Intuitively, to enhance the power of the compressed model, it is necessary to increase its expressiveness ability. However, traditional approaches to introduce more layers or hidden units into the model can easily violate the strict restrictions on the model size. Fortunately, besides the model scale, the nonlinear transformation, in terms of the activation, within the NN model plays an equally-important role in reflecting the expressiveness ability. As pointed out by (Montufar et al., 2014), an NN model that uses multi-layer ReLU or other piecewise linear function as the activation is essentially a complex piecewise linear function. Moreover, the number of linear regions produced by an NN model depends on not only its model scale but also the number of regions in its activation. Inspired by the limited cost in adding more regions in the activation, it is more efficient to improve the expressiveness ability of NN models via the multi-segment activation rather than arbitrarily increasing the model scale.

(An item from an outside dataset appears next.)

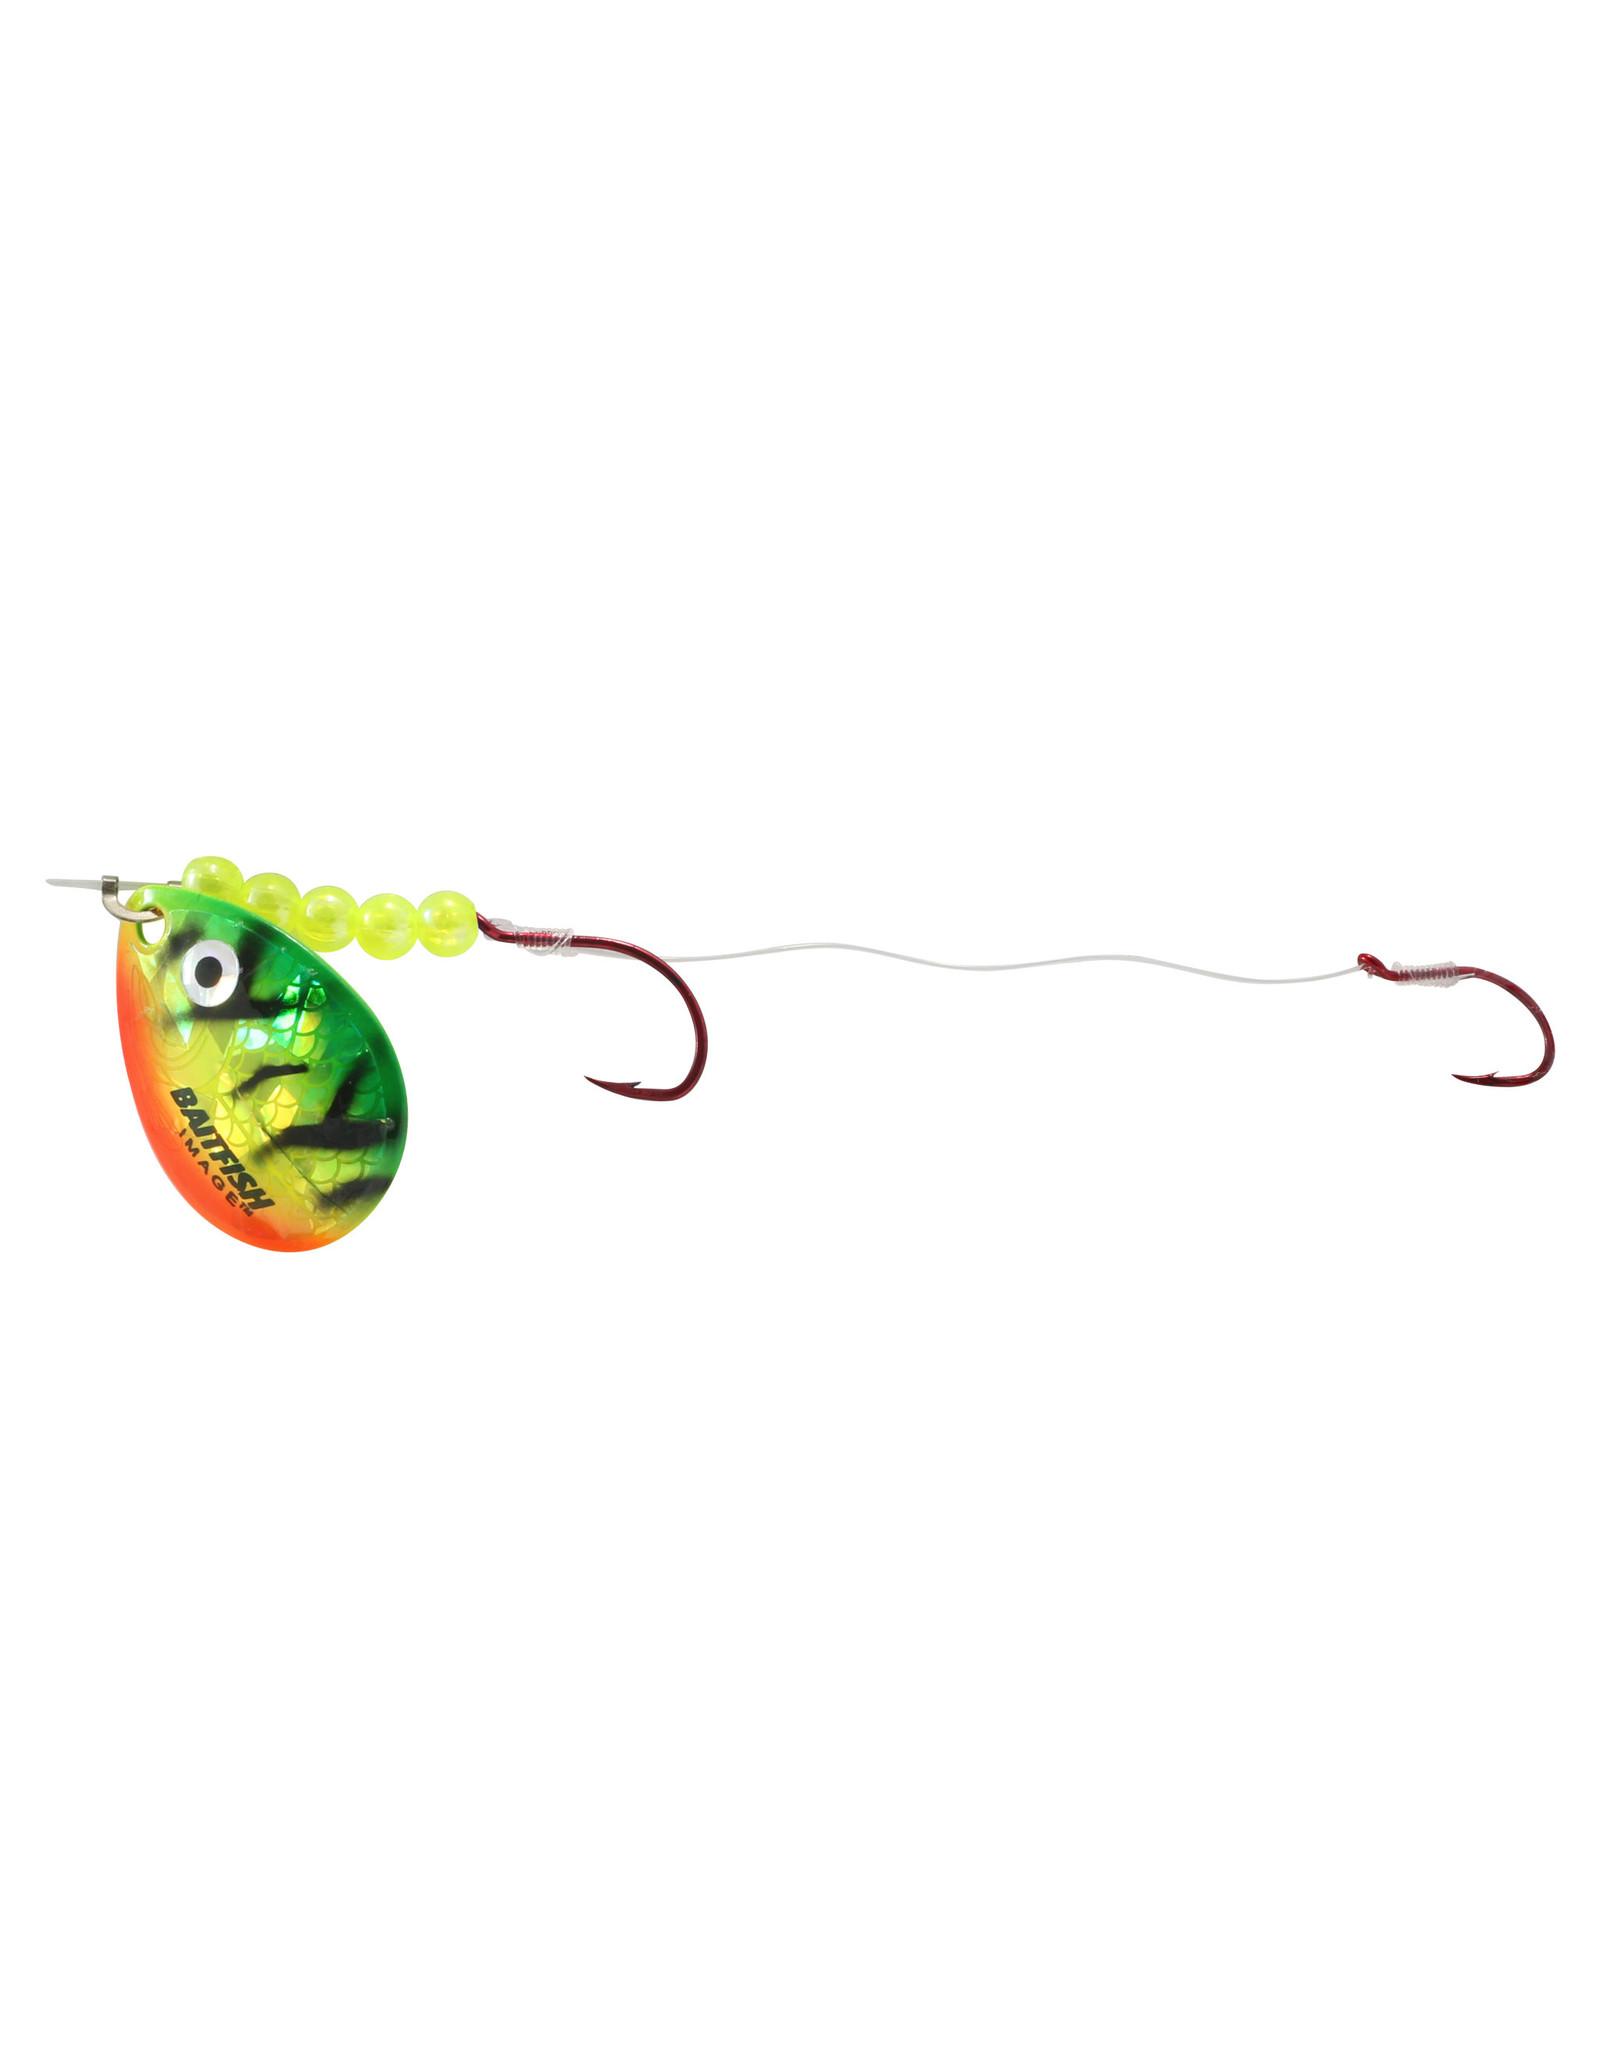 Northland Northland Walleye Spinner Harness

Thus, in this paper, we introduce a novel highly efficient piecewise linear activation, in order to improve the expressiveness ability of the compressed models with little cost. Specifically, as shown in Fig. 1, we leverage a generic knowledge distillation framework, in which, however, the compact student model is equipped with multi-segment piecewise linear functions as its activation, named the Light Multi-segment Activation (LMA). By using the LMA, we first cut the input range into multiple segments by batch statistics information, and ensure that it can adapt to any range of input lightly and efficiently. Then, we assign the inputs with the customized slopes and biases according to the segments they belong to, which thus leads to NN models with higher expressiveness ability due to the stronger non-linearity of multi-segment activation. Owing to above design, LMA-equipped compact student models yield two advantages: 1) It has much higher expressiveness ability, compared with one merely endowed with vanilla ReLU; 2) Its resource cost is much smaller and even more controllable compared with the other type of multi-segment piecewise linear activation.

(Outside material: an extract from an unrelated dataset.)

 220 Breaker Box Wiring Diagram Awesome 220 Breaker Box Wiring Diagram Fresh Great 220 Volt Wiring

Extensive experiments of multiple scales NN architectures on various real tasks, including image classification and machine translation, have demonstrated both the effectiveness and the efficiency of LMA, which implies the improved the expressiveness ability, thus the performance, of the student model by LMA. Additional experiments further illustrate that our method can improve the expressiveness ability of the model compressed via even other popular techniques, especially quantization, such that jointly leveraging them can achieve even better compression results.
The main contributions of this paper are multi-fold:
It proposes a novel multi-segment piecewise linear function for activation, which improves the expressiveness ability of the compressed student model within the knowledge distillation framework. To the best of our knowledge, it is the first work that leverages multi-segment piecewise linear activation in the model compression.
With using well-designed statistical information of each batch, the proposed activation can efficiently improve the performance of compressed models with preserving low resource cost.
The proposed method is well compatible with the other popular compression techniques, such that it is easy to combine them together and further enhance compression effectiveness.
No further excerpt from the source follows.